**** Available data

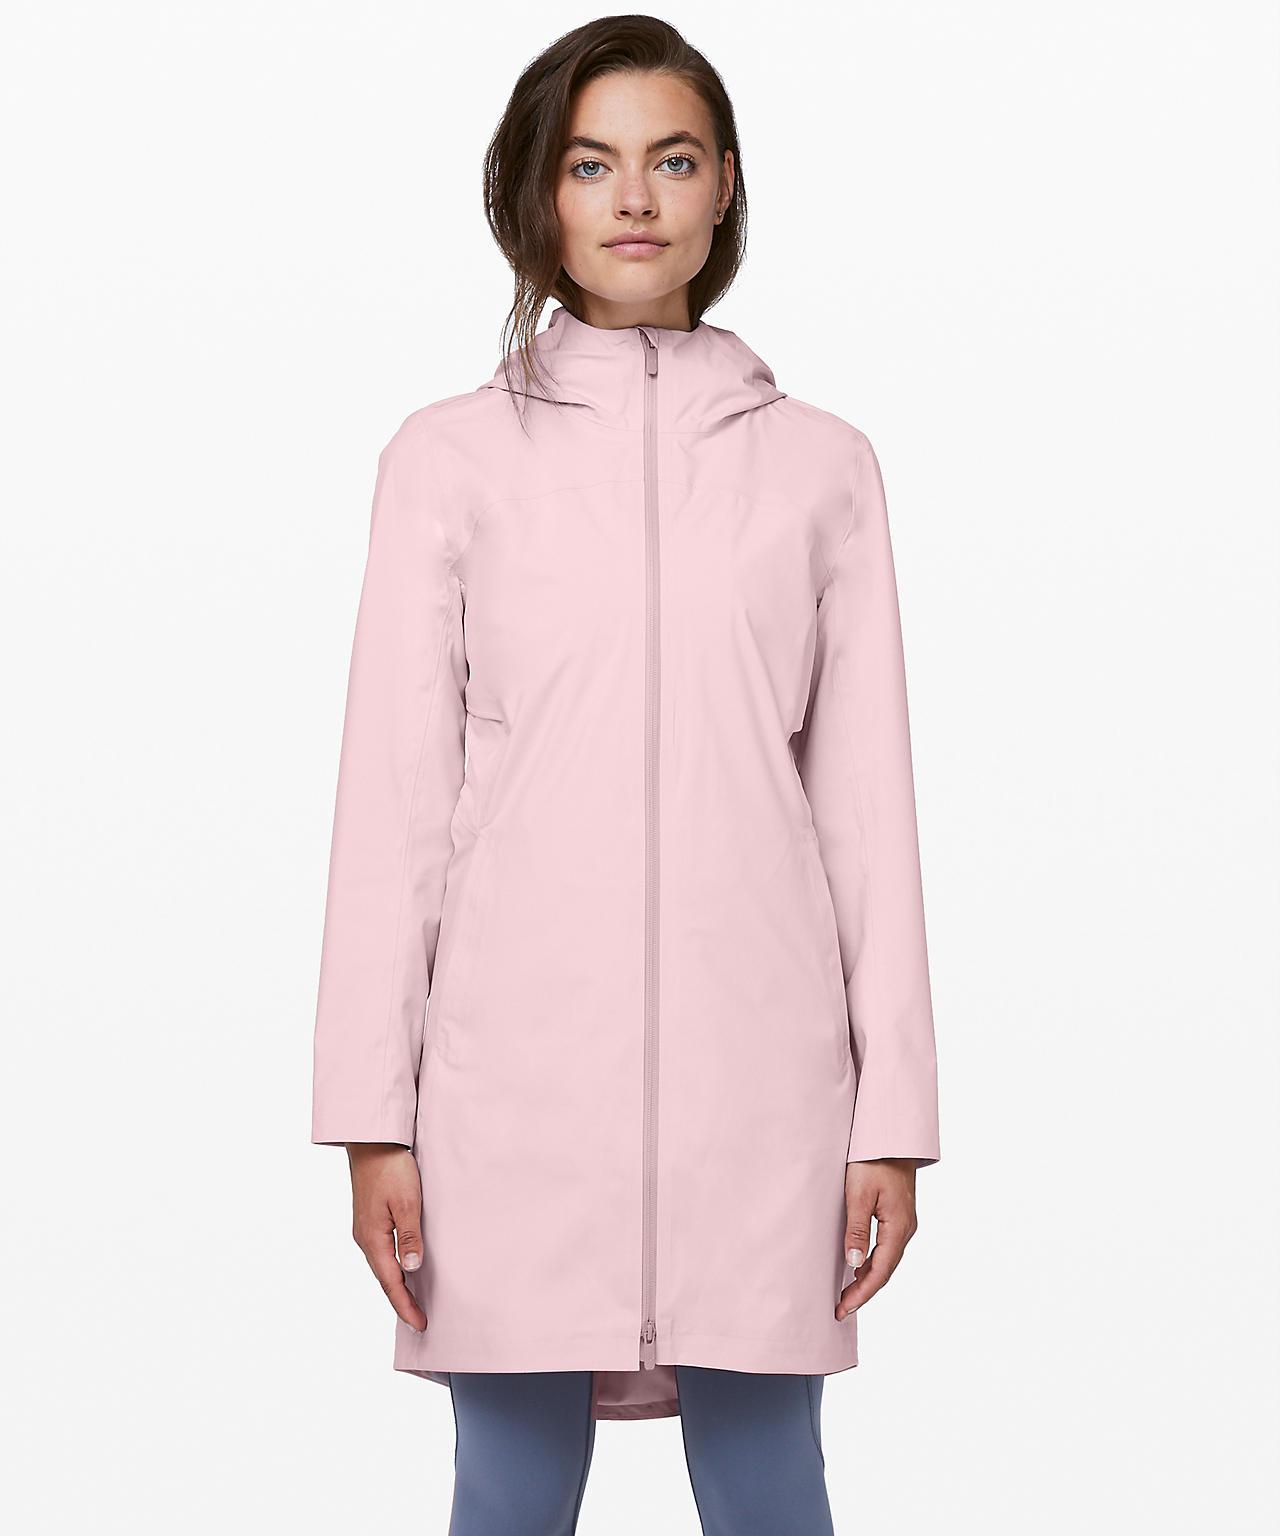 Rain Rebel Jacket, Lululemon Upload
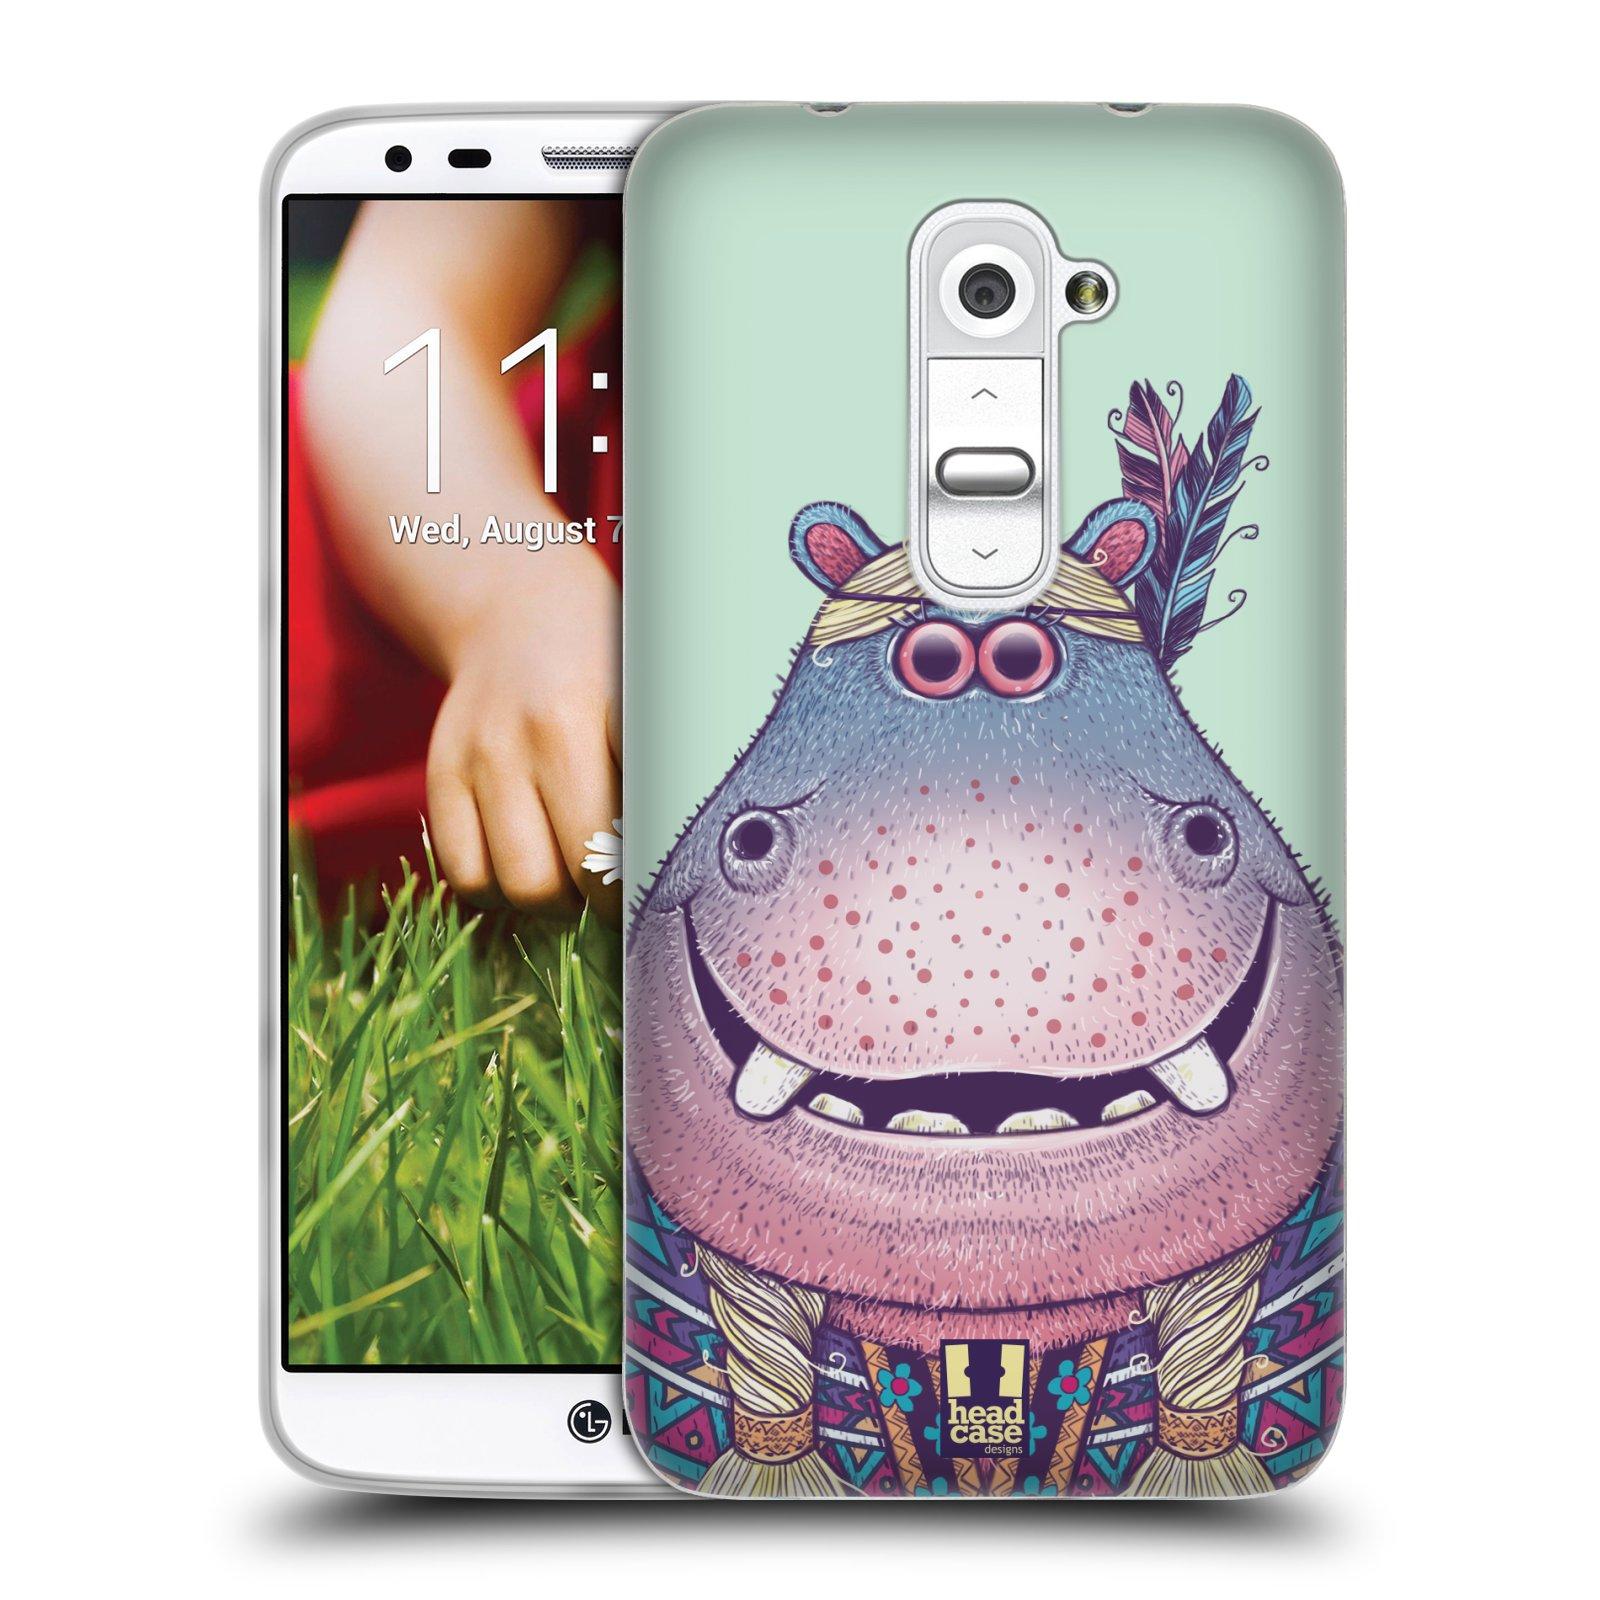 HEAD CASE silikonový obal na mobil LG G2 vzor Kreslená zvířátka hroch
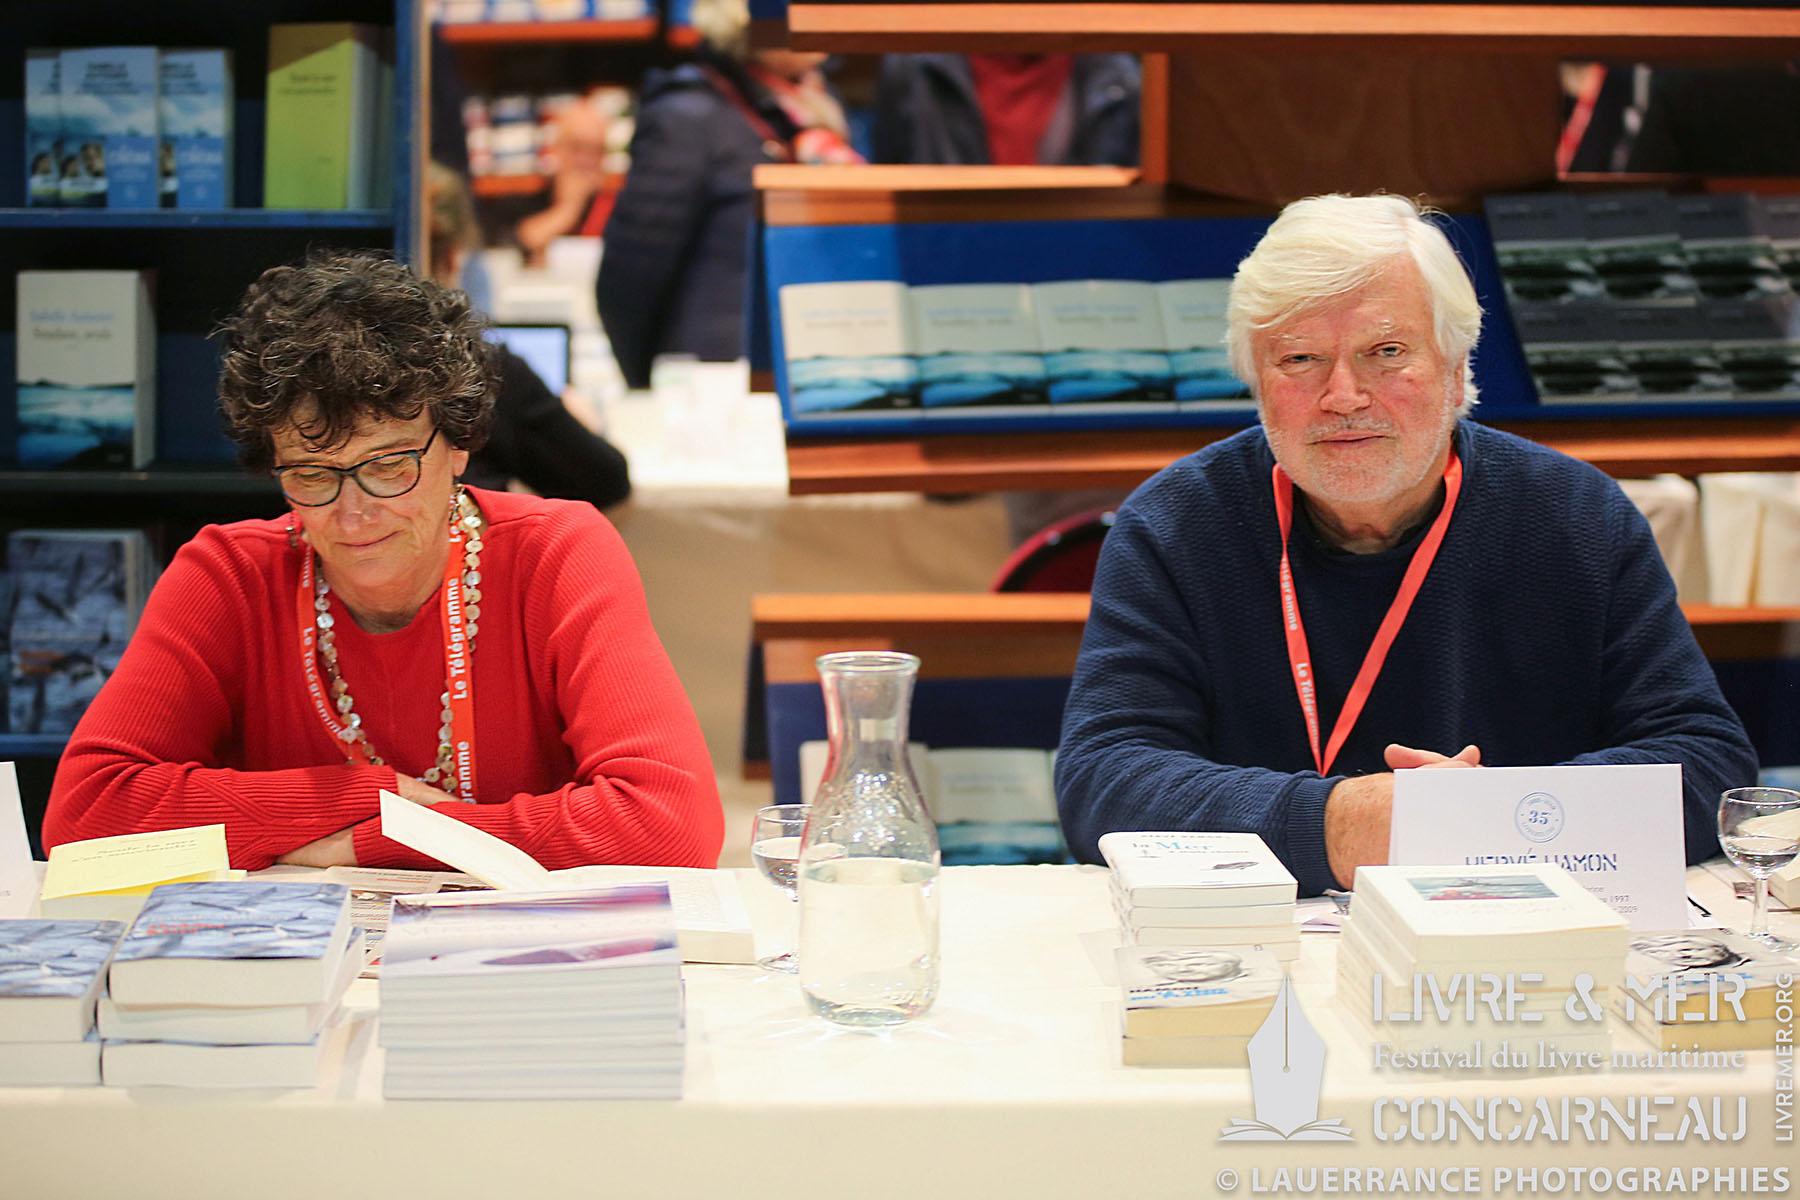 Isabelle Autissier & Hervé Hamon © Lauerrance Photographies

********

* _What is needed_
Copy all the material exactly; omit images.

* _Result of the task_
 Rain Rebel Jacket, Lululemon Upload
 HEAD CASE silikonový obal na mobil LG G2 vzor Kreslená zvířátka hroch
 Isabelle Autissier & Hervé Hamon © Lauerrance Photographies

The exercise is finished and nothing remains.